The FTC’s commissioners voted 5-0 in finding that Rambus had unlawfully monopolised the markets for four computer memory technologies that have become industry standards.

The Commission is to hold additional hearings to determine an “appropriate remedy”, but its decision threatens past and future royalties Rambus has earned from patents it holds on memory technology.

The Silicon Valley company said it would appeal against the decision, but its shares had fallen 25.5 per cent by the close to $12.65.

The FTC first charged Rambus with violating antitrust laws in June 2002, but an administrative judge ruled there was insufficient proof in February 2004. FTC staff then appealed to the commissioners.

The memory chip industry has been plagued in recent years by federal investigations into price-fixing by the major manufacturers and by patent infringement lawsuits led by Rambus, which has also accused its customers of trying to exclude it from the market. Commissioner Pamela Jones Harbour said: “Through a course of deceptive conduct, Rambus was able to distort a critical standard-setting process and engage in an anti-competitive hold-up of the computer memory industry.”

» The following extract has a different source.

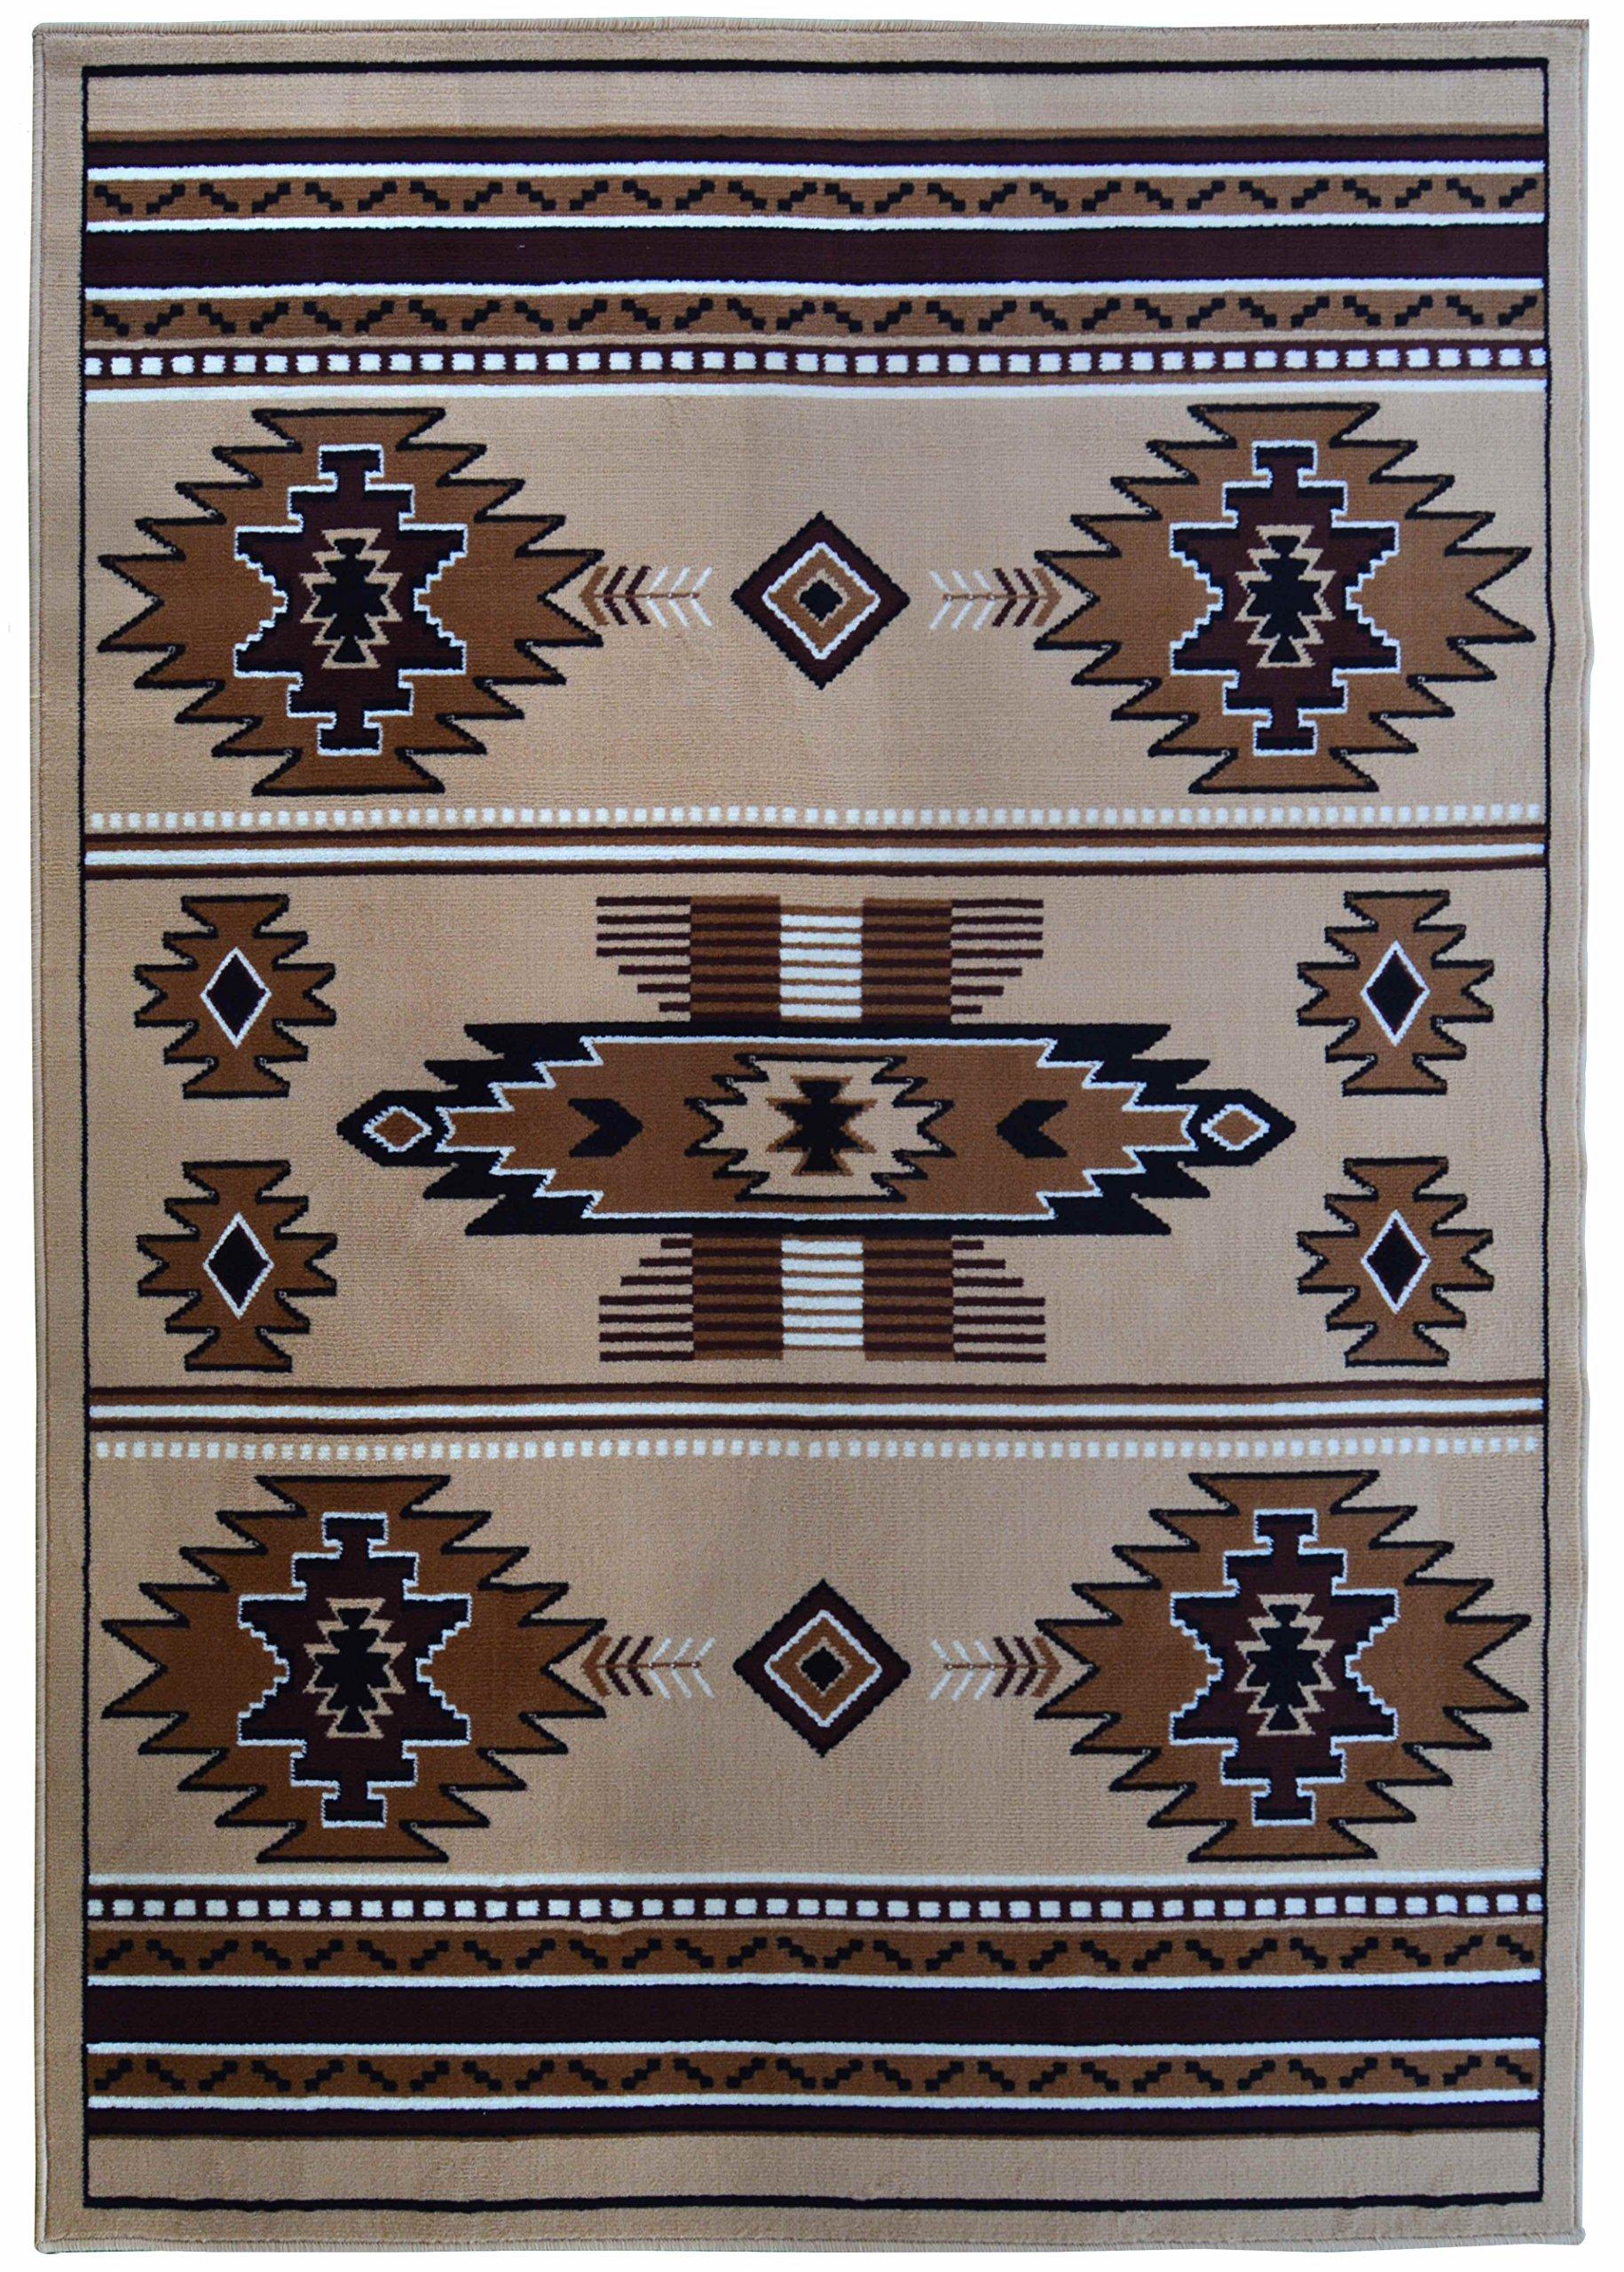 rugs 4 less collection southwest native american indian area rug design r4l s. Black Bedroom Furniture Sets. Home Design Ideas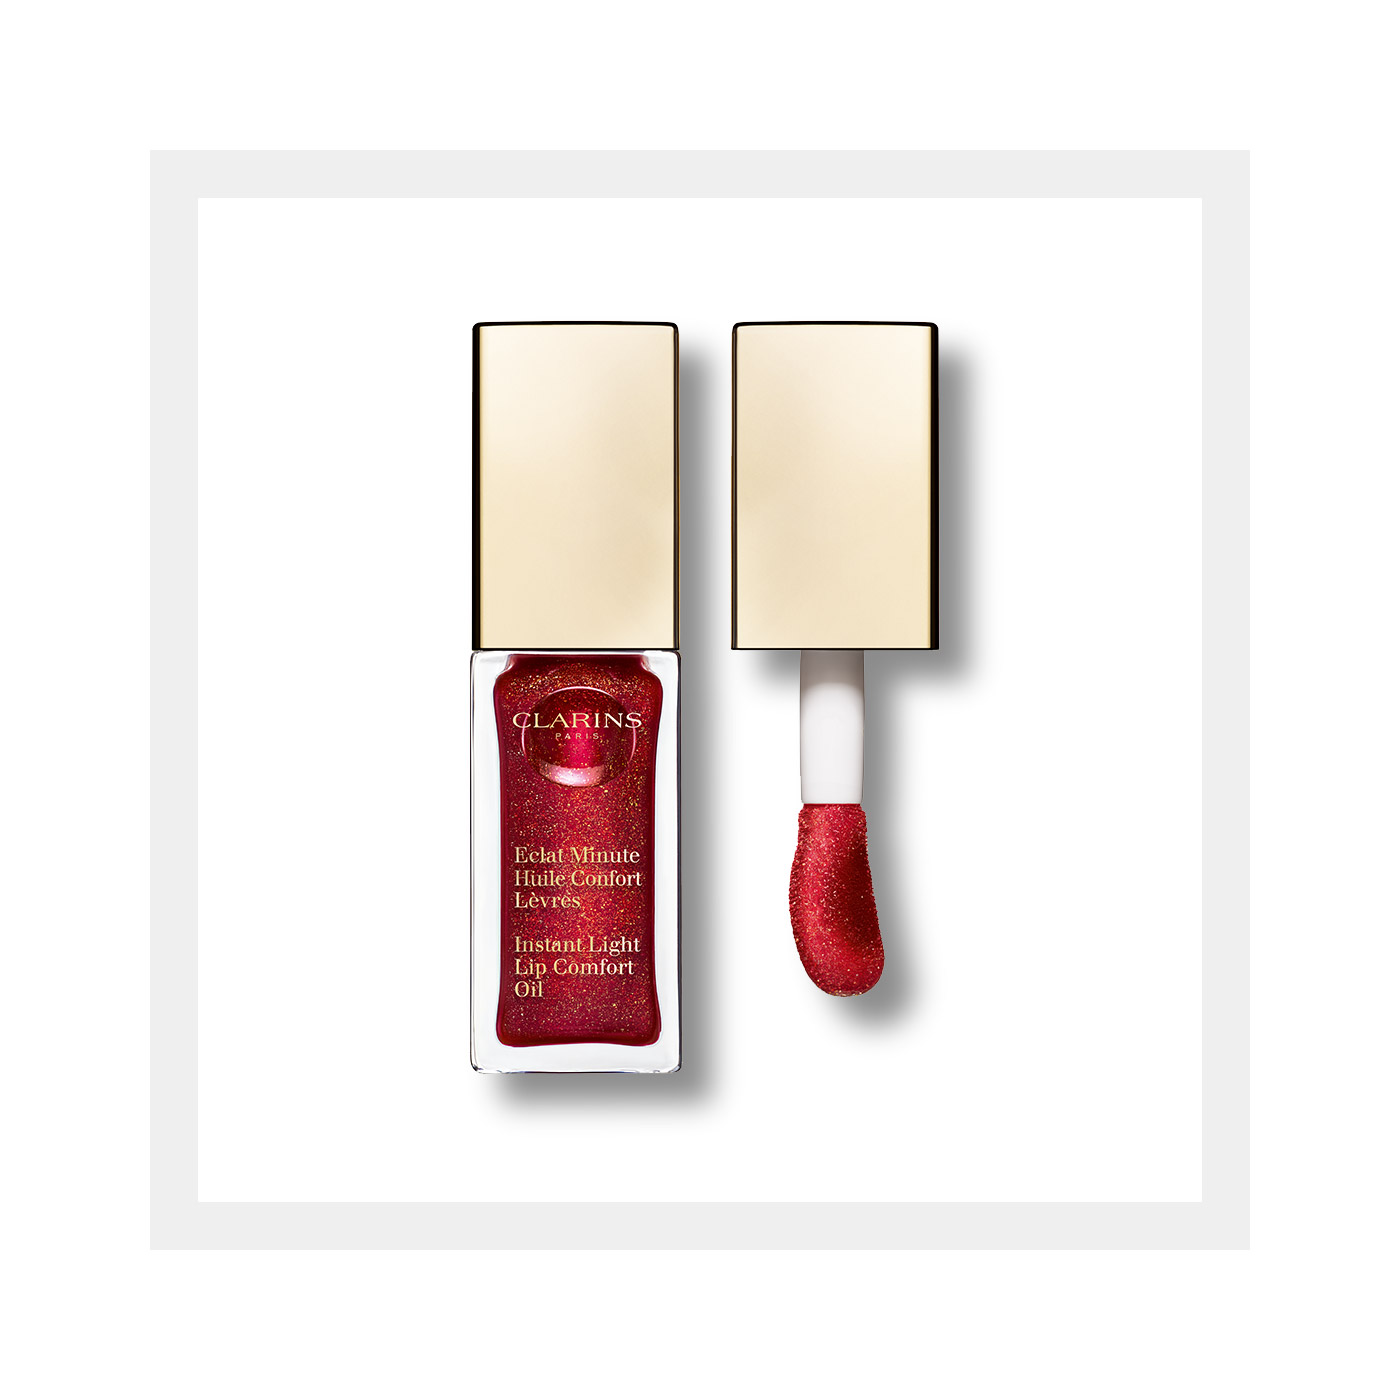 Instant Light Lip Comfort Oil Moisturizing Lip Oil Clarins

The FTC’s complaint centred on Rambus’s involvement in a standards-setting organisation, the Joint Electron Device Engineering Council (Jedec).

The FTC alleged Rambus worked within Jedec for four years without revealing it was developing patents involving technologies that were eventually adopted as standards.

If it had done so, Jedec members might have taken a different view as to which standards to adopt.

“Through its successful strategy, Rambus was able to conceal its patents and patent applications until after the standards were adopted and the market was locked in,” said the commissioners’ opinion.

“Only then did Rambus reveal its patents – through patent infringement lawsuits against Jedec members who practised the standard.”

The standards concerned are for SDRAM (Synchronous Dynamic Random Access Memory) and DDR (Double Data Rate) SDRAM chips, whose manufacturers have balked at paying what they consider to be high royalty fees to Rambus.